Result payload: The primary structured data returned by the tool.
Pagination metadata (where applicable): cursor, hasMore, totalCount — enabling the agent to request subsequent pages without re-specifying the query.
Provenance metadata: source, retrievedAt, dataVersion — enabling the agent and downstream verifiers to assess result authority and freshness.
Execution metadata: executionDurationMs, resourceCost — enabling the orchestrator to update latency and cost models.

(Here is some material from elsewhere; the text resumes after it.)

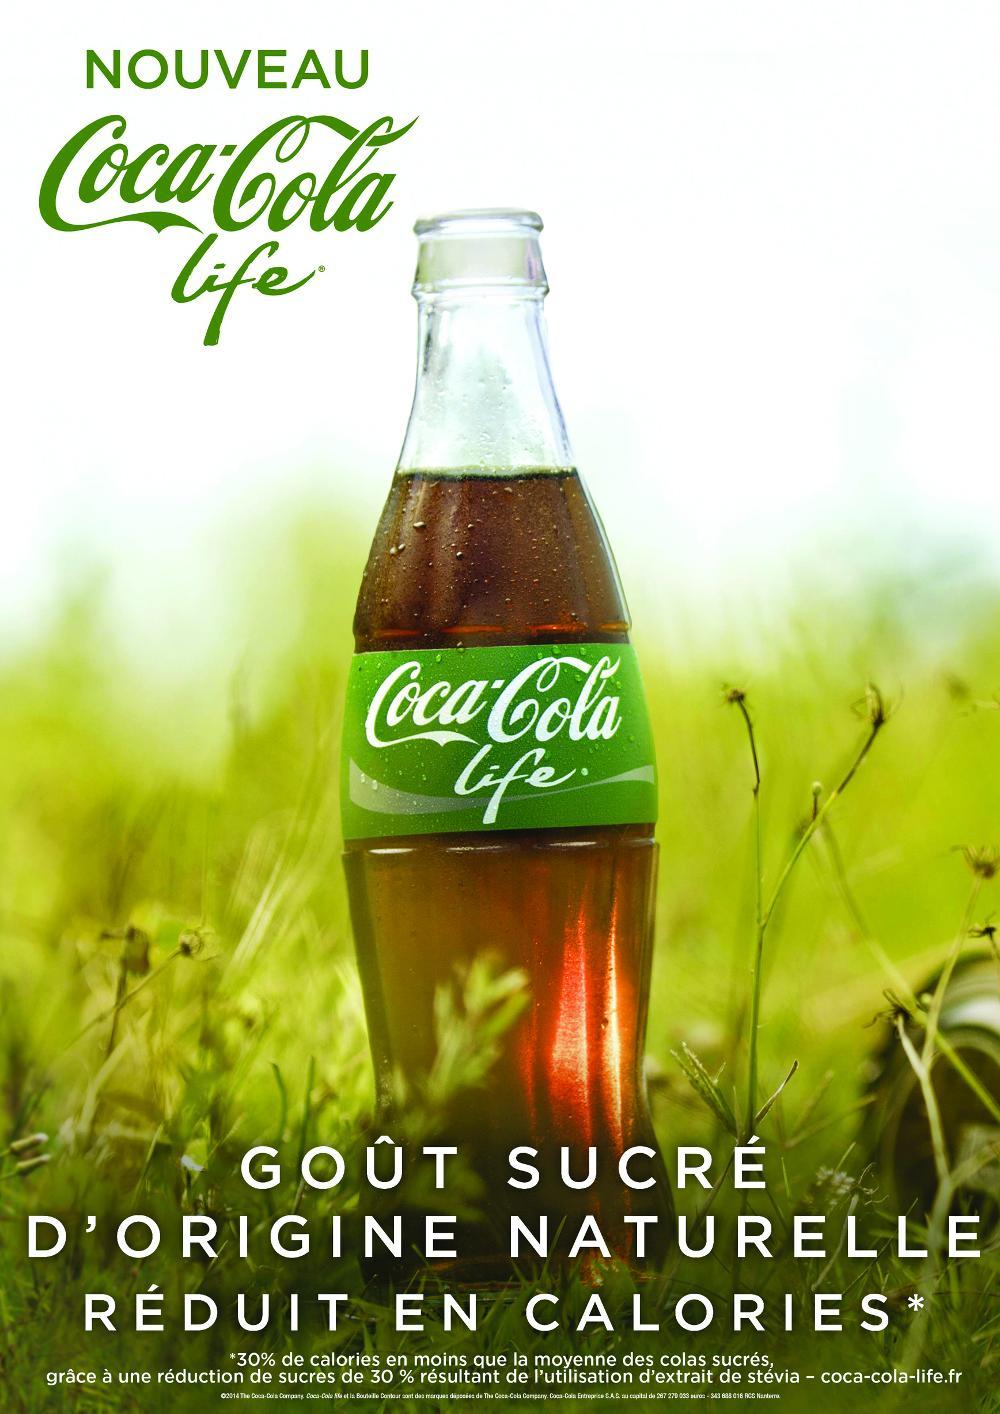 Cinq Questions Sur Coca Cola Life Boissons Et Liquides
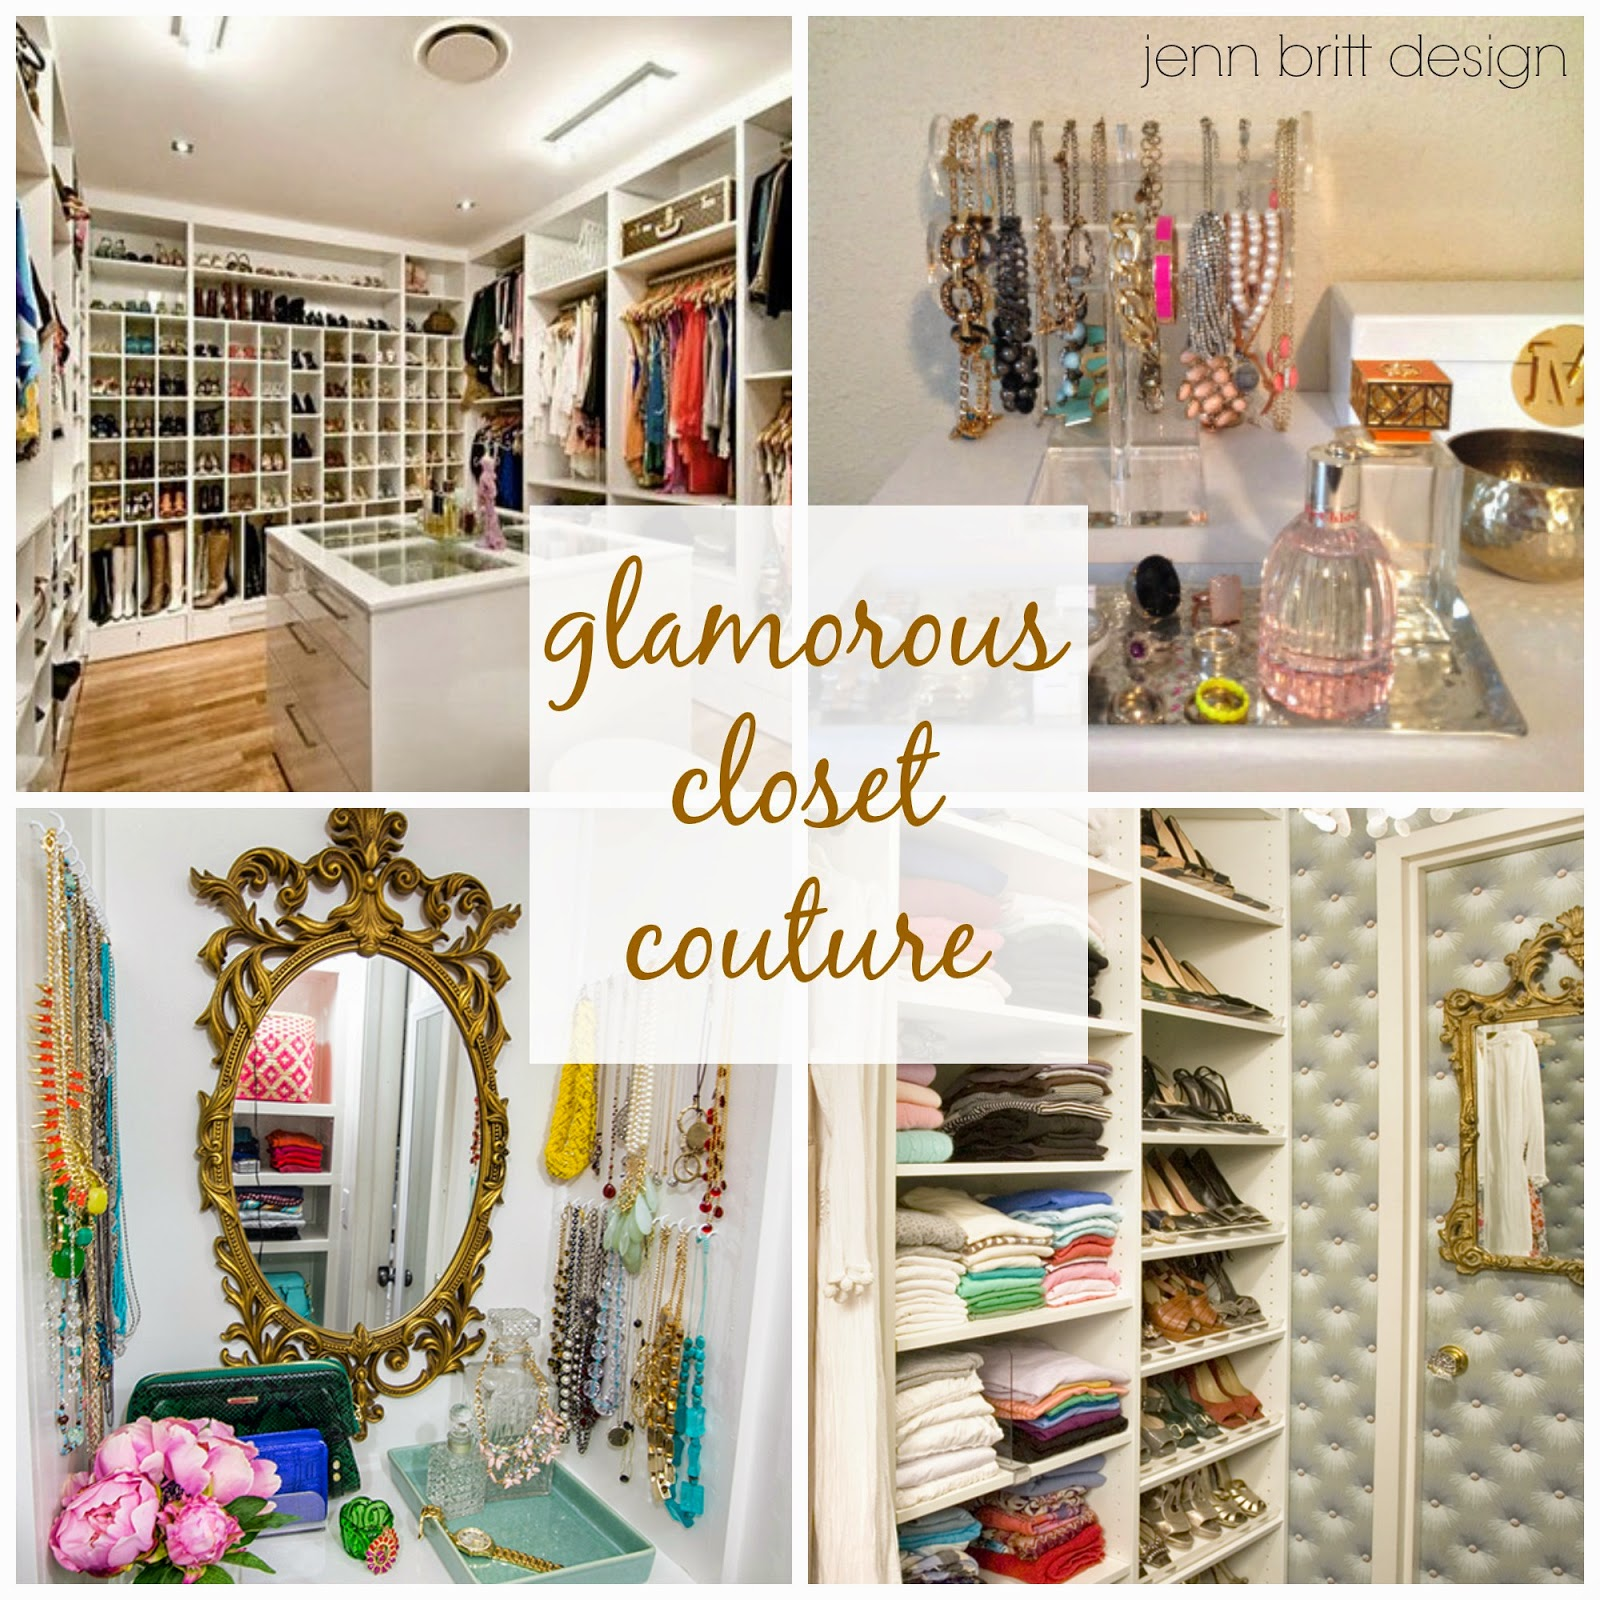 Ordinaire Glamorous Closet Couture

13.3.3 Error Envelope: Classified, Retryable, Diagnostic#

All tool failures MUST be returned within a standardized error envelope, never as raw exceptions or unstructured text.

Error Envelope Structure:

Field	Type	Description
`errorCode`	Enum	Machine-readable error class (see taxonomy below)
`retryable`	Boolean	Whether the caller should retry with the same parameters
`retryAfterMs`	Integer (optional)	Suggested backoff duration before retry
`humanMessage`	String	Human-readable diagnostic (never leaked credentials or internal paths)
`details`	Object (optional)	Structured diagnostic data (validation errors, partial results, trace references)
`traceId`	String	Correlation identifier for distributed tracing

Error Code Taxonomy:

\mathcal{E} = \begin{cases} \texttt{INVALID\_INPUT} & \text{Schema validation failed; not retryable} \\ \texttt{AUTHORIZATION\_DENIED} & \text{Caller lacks required scopes; not retryable without re-auth} \\ \texttt{TOOL\_NOT\_FOUND} & \text{Requested tool/version not registered; not retryable} \\ \texttt{DEADLINE\_EXCEEDED} & \text{Execution exceeded timeout class; retryable with backoff} \\ \texttt{RATE\_LIMITED} & \text{Caller exceeded rate quota; retryable after backoff} \\ \texttt{UPSTREAM\_FAILURE} & \text{Dependency failure; retryable with backoff} \\ \texttt{INTERNAL\_TOOL\_ERROR} & \text{Unhandled internal error; retryable with caution} \\ \texttt{RESOURCE\_EXHAUSTED} & \text{Memory, disk, or compute capacity exceeded; not retryable} \\ \texttt{PRECONDITION\_FAILED} & \text{Required preconditions not met; not retryable without state change} \\ \texttt{CONFLICT} & \text{Optimistic concurrency conflict; retryable after refresh} \\ \texttt{APPROVAL\_REQUIRED} & \text{Human approval gate triggered; poll for resolution} \end{cases}

The retryable flag is the authoritative signal — the agent loop MUST NOT attempt retries on non-retryable errors, regardless of heuristic judgment.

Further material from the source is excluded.